[Start of section]

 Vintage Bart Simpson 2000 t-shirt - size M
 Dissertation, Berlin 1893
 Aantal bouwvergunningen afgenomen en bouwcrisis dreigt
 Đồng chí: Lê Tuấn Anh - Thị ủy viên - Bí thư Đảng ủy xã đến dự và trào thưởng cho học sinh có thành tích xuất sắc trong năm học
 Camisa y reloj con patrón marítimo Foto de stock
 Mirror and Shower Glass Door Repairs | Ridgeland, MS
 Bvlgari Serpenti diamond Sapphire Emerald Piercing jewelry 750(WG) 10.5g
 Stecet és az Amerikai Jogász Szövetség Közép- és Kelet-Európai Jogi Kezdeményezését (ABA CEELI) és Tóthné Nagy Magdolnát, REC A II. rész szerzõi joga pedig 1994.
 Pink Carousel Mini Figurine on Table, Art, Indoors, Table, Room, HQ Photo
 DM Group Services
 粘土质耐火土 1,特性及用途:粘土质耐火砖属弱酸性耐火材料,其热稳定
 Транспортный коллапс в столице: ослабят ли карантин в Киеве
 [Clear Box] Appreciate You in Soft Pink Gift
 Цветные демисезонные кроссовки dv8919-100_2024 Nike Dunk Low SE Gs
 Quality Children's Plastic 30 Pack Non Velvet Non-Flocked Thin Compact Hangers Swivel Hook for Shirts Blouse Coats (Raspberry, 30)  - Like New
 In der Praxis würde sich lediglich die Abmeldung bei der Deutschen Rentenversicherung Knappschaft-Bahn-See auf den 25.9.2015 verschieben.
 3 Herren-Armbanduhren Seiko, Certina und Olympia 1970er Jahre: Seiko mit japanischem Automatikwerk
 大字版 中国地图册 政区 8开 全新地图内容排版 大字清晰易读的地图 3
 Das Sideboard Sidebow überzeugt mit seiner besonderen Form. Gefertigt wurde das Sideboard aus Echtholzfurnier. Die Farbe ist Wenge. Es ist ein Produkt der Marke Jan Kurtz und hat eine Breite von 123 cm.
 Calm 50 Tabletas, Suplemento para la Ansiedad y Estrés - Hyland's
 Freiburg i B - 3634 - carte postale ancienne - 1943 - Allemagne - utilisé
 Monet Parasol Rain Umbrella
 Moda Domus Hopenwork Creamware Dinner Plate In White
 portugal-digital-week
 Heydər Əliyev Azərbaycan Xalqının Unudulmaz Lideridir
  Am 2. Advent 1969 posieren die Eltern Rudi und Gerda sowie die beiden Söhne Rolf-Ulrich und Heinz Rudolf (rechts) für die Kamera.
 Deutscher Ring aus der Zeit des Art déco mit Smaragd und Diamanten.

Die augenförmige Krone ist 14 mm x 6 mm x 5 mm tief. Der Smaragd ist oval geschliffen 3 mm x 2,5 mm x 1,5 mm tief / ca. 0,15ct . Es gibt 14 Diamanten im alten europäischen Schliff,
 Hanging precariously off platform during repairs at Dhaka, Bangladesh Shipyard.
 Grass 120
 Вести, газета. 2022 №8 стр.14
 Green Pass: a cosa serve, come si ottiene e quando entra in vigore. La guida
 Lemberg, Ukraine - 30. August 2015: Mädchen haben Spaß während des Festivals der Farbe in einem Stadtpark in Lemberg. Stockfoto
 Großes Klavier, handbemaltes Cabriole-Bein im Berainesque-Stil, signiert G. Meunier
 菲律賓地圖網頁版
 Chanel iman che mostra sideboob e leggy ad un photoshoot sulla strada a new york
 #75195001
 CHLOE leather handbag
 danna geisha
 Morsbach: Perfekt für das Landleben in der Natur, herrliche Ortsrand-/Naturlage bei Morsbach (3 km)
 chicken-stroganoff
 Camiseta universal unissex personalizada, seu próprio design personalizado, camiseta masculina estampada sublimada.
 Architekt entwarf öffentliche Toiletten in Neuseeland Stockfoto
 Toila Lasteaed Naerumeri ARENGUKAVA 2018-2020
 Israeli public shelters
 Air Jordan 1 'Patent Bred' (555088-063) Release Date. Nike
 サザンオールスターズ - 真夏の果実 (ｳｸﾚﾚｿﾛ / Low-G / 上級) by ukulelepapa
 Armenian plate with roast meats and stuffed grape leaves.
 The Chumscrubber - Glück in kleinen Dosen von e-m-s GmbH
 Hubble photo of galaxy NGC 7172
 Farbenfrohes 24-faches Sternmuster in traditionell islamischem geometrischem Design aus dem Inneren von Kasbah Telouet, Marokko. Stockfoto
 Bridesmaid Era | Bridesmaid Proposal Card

[End of section]

Your objective » Gather up every line from the listing above in which the word "Pink" occurs.

Exercise result »
 Pink Carousel Mini Figurine on Table, Art, Indoors, Table, Room, HQ Photo
 [Clear Box] Appreciate You in Soft Pink Gift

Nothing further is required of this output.